Caramel Potato Chip Brownies with only six ingredients! Salted caramel drizzling down warm from the oven brownies and topped with crunchy, salty kettle cooked potato chips. Being bad never felt so good.
And…this just happened. I know what you’re thinking. Are the potato chips and that ungodly amount of thick, salted caramel necessary? Yes my friends. It’s totally necessary. So if you call yourself an American, it’s very necessary. A couple weeks ago I posted about this Skinny Deep Dish Cookie Pie. It was low-calorie, skinny, and it hit the spot. It also had an ingredient that terrified me, but then it blew my mind after that first bite. Now that February is coming, it’s time to roll out some crazy indulgent desserts. Like these trashy Caramel Potato Chip Brownies. You know you want it…

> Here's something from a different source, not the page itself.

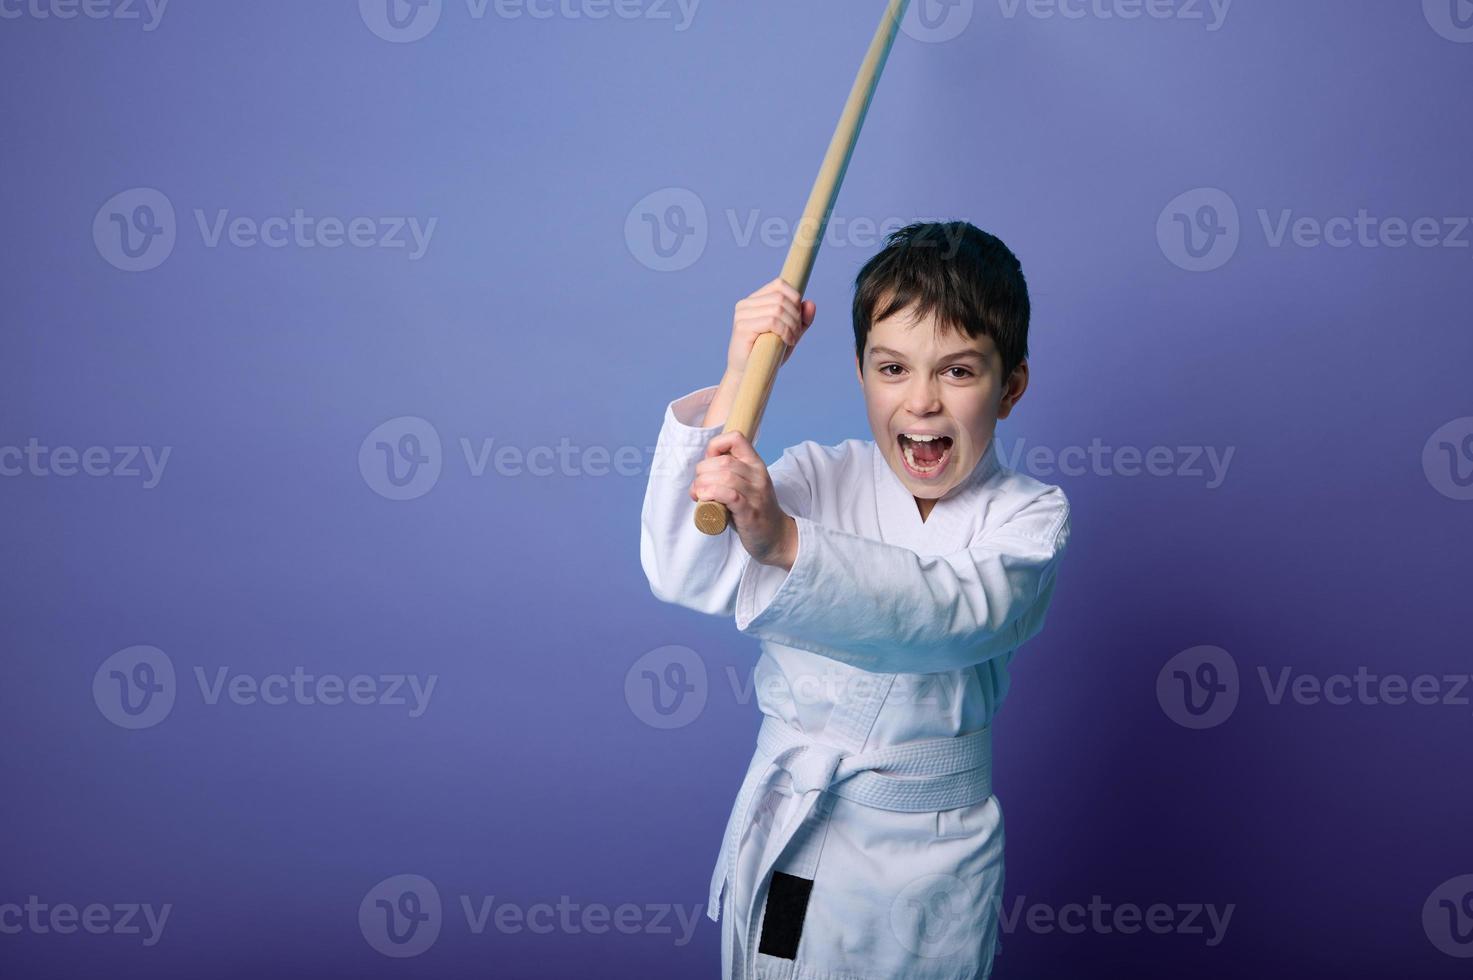 porträtt av en barn pojke aikido brottare bär traditionell samuraj hakama kimono inlärning bekämpa med bambu bokken. aikido inlärning begrepp foto

The first batch I made of these I thought I would be a pioneer in baking and crunched up the potato chips and mixed them in the batter. Sounds like it could be good right? Salty crunchy chips in each fudgey brownie bite. Nope. The batter turned the chips into tough leathery jerky. Major disappointment and a big pan of brownies that I threw out. I don’t think I’ve thrown out brownies since 1996. ‘ Twas a sad day it was.
- 2 boxes of Ghirardelli Double Chocolate Brownies
- ½ cup water
- ⅔ cup vegetable oil
- 2 eggs
- Salted Caramel
- Your favorite potato chips (I used kettle cooked)
- Preheat your oven to 325 F and grease a 9 x 13 baking dish. You can also line it with parchment paper.
- In a large bowl, mix both boxes of brownie mix, water, vegetable oil, and eggs until fully combined.
- Pour half of the batter into the baking dish.
- Drizzle about ¼ cup salted caramel over the batter.
- Pour the rest of the brownie batter on top.
- Bake for 45 to 50 minutes being careful to not over bake. No one likes dry brownies.
- Once cooled, slice into brownies and serve with more caramel and a handful of potato chips.